Пробуждение

Танечка Старикова
Светило яркое апрельское солнце. Из-за жёстких соломенно-жёлтых занавесок упрямо пробивались его косые лучи. Арсений Иванович сидел на кухне, но чаю он не пил. Табурет под ним - коричневый плетёный табурет, круглый четвероногий стол, люстра, да и, кажется, всё вокруг Арсения Ивановича куплено было и принесено в этот дом десятилетия два с лишним тому назад. Сейчас все эти предметы, как и хозяин, населяющий этот дом, прочно покрылись слоем седины: влажную уборку делал Арсений Иванович редко.

Впервые он переступил порог этого дома двадцать шесть лет тому назад. Двадцать семь, уже двадцать семь, вздохнул Арсений Иванович. Рано овдовев, он привык спокойно и как бы бесчувственно отсчитывать пролетающие мимо годы. Они не приносили ему ни радости, ни чувства сожаления об уходящем времени.

Двадцать семь лет назад в этой квартире было шумно. Арсений Иванович (тогда ещё просто Сеня), его молодая жена и сын Володя с энтузиазмом заезжали в долгожданное жилище. Их сын очень радовался новому дому, в котором можно было играть и шуметь, не думая о соседях. Жена, наконец, почувствовала себя хозяйкой в доме. Сам Арсений чувствовал радость, спокойно наполнявшую его при виде счастливых родных.

Этому счастью не суждено было длиться вечно. Однажды сырой осенней ночью Арсений с Володей остались одни. Наутро белые лучи негреющего солнца равнодушно смотрели в окно Арсения и Володи, и дни потом дни потянулись такие же блёклые и бесцветные.

По прошествии времени боль утраты у Арсения утихла, но вместе с ней ушло и какое-то из ощущений жизни - как будто дышишь, но запахов не ощущаешь. Ровно, изо дня в день Арсений жил своей жизнью и растил сына. Он просто принимал тот день, который приходящее утро ему посылало. И больше существенных потрясений в жизни Арсения Ивановича не произошло. Вот только...
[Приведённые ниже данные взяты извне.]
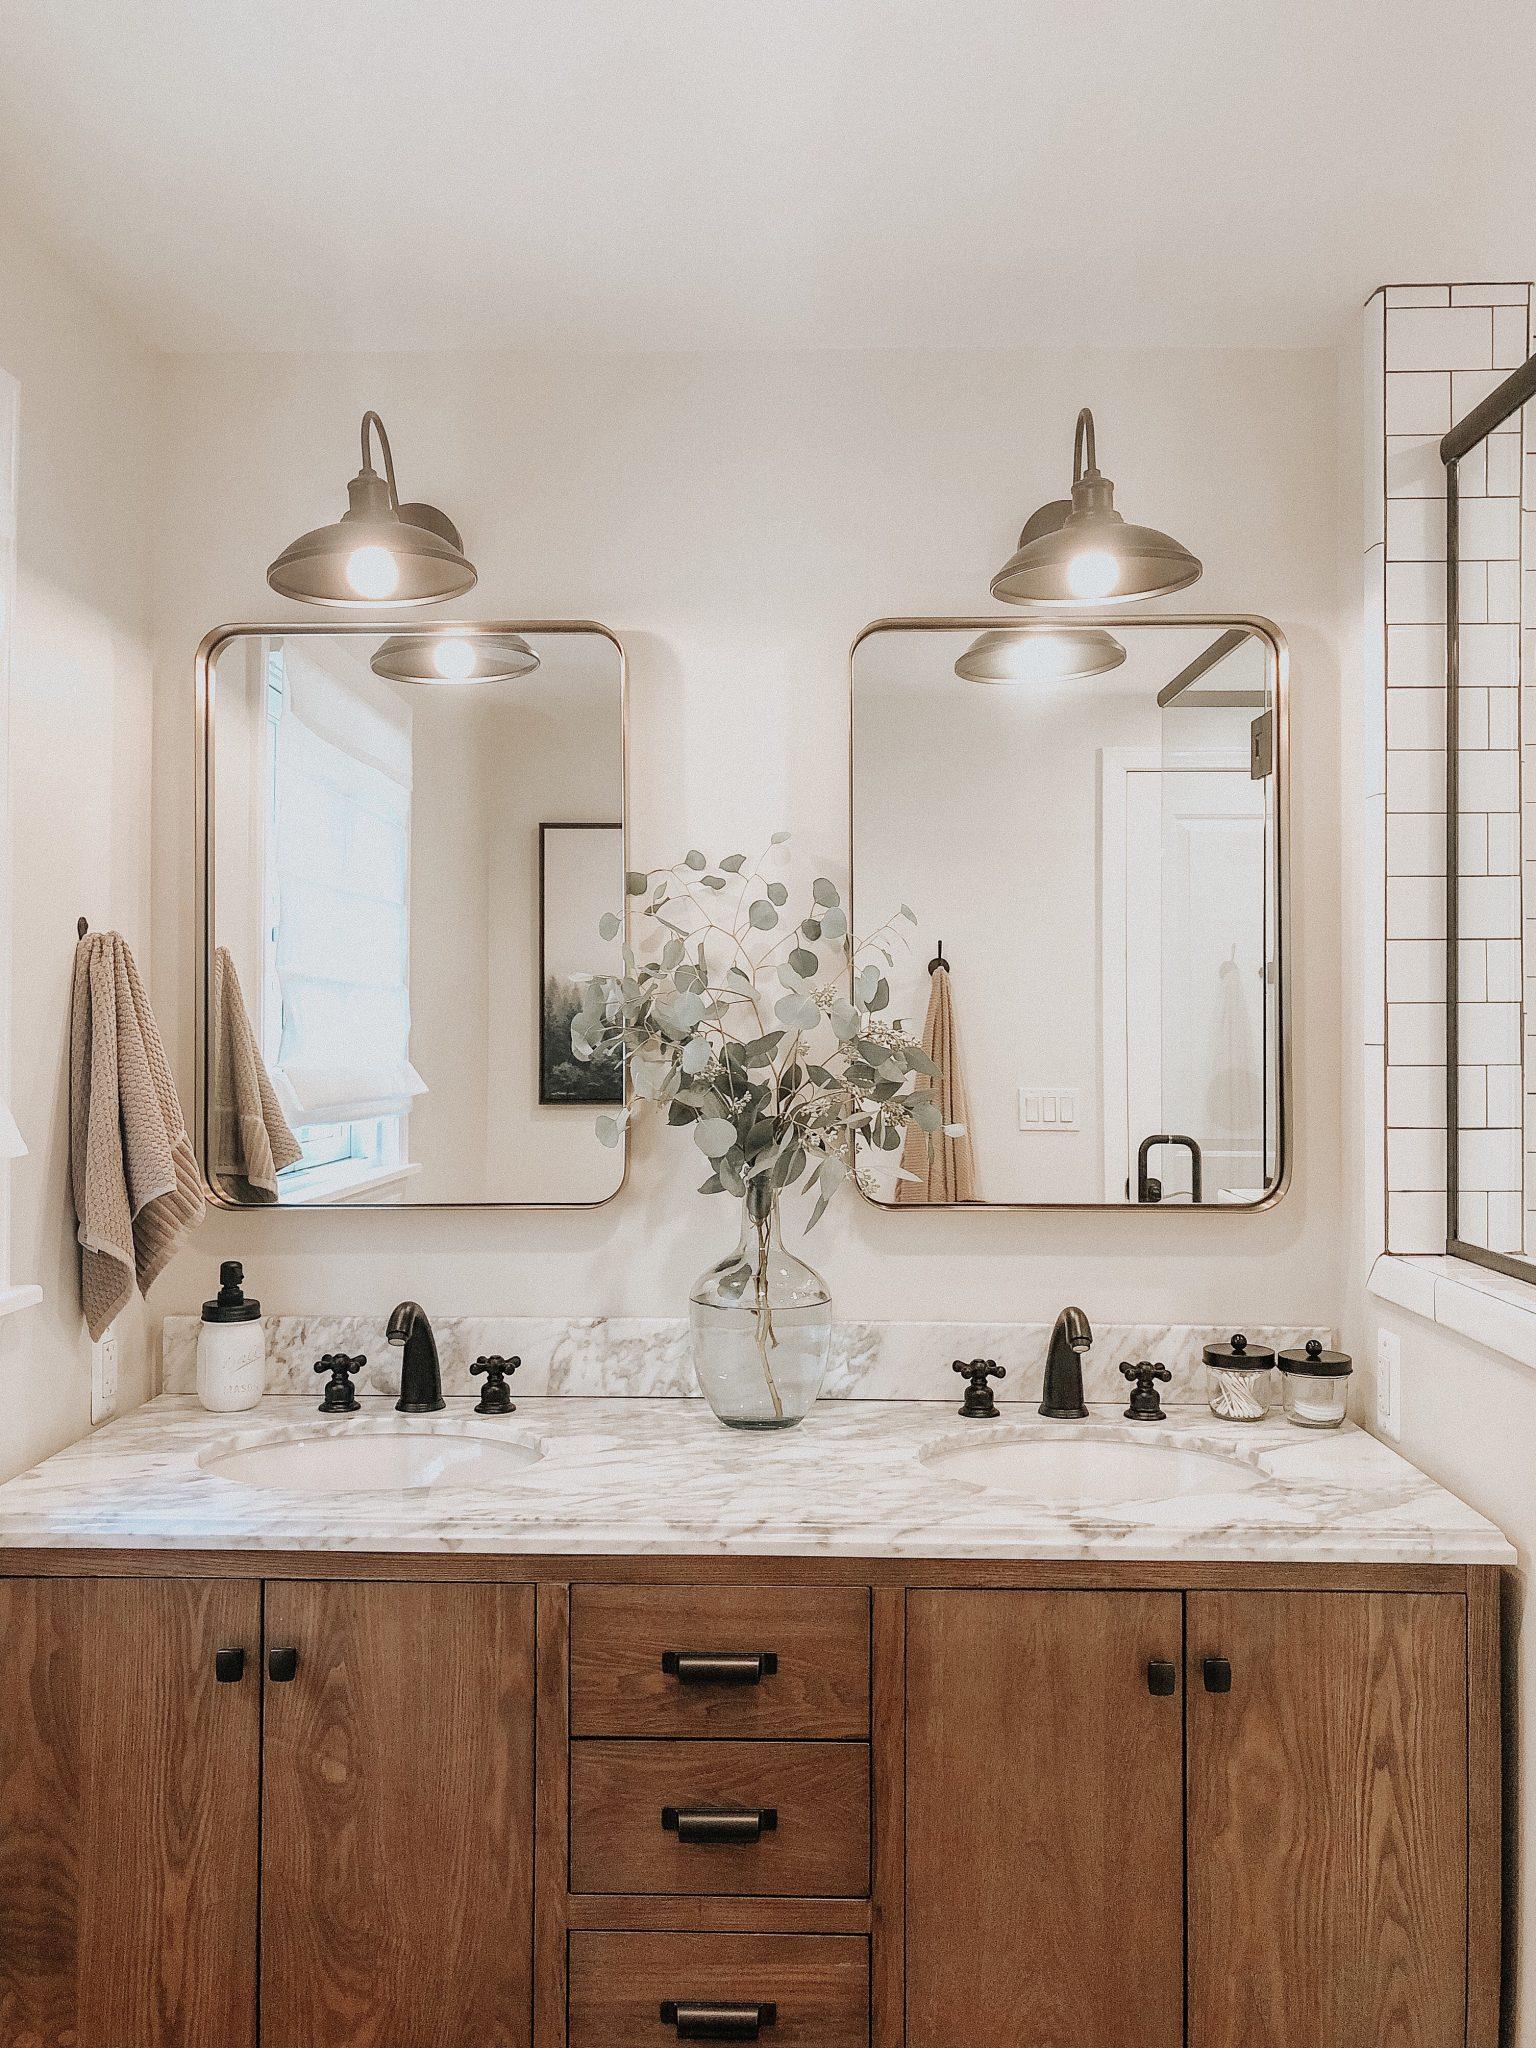 Master Bathroom Reveal | Daily Splendor Life and Style Blog | master bathroom #modernfarmhouse #modernfarmhousebathroom #Fixerupperstyle #contemporarybathroom #marbletile #subwaytile #subwaytileshower #herringbonetilefloor #matteblackbathroomfixtures #bathroomvanity #woodvanity

Вчера была суббота. Не ранним, но всё же утром, Арсений Иванович сидел на табурете и пил чай. Солнце, как и сегодня, скользило по стенам кухни неуловимыми жёлтыми пятнами, задевая, то и дело, лицо Арсения Ивановича. Он ощутил какое-то приятное, распирающее чувство, вырастающее в груди по мере того, как он вдыхал этот свежий весенний воздух. Арсений Иванович чувствовал себя хорошо.

Внезапно зазвонил телефон. Пронзительная трель телефона всегда неожиданна, а Арсению Ивановичу, к тому же, давно никто не звонил. Володя предпочитал появляться лично.
- Алло? - чуть растерянно зазвучал в трубке голос Арсения Ивановича.
Это был Володя.
- Папа, - Володя также волновался, - папа, я завтра приду не один.
В холостяцкое жилище Арсения Ивановича редко заглядывали гости. Или, лучше сказать, никогда.
Арсений Иванович невразумительно помычал в трубку. Он был растерян, но, конечно, рад, "разумеется, приходите" - означали его слова.
И тут трубку у Володи выхватила Ниночка.
Арсений Иванович, извините! - с полухохотом звонко произнесла она. - Володя никак не решится! Это я, я завтра приду к Вам с Володей на чай. Я его невеста, а он никак не осмелится Вам сказать.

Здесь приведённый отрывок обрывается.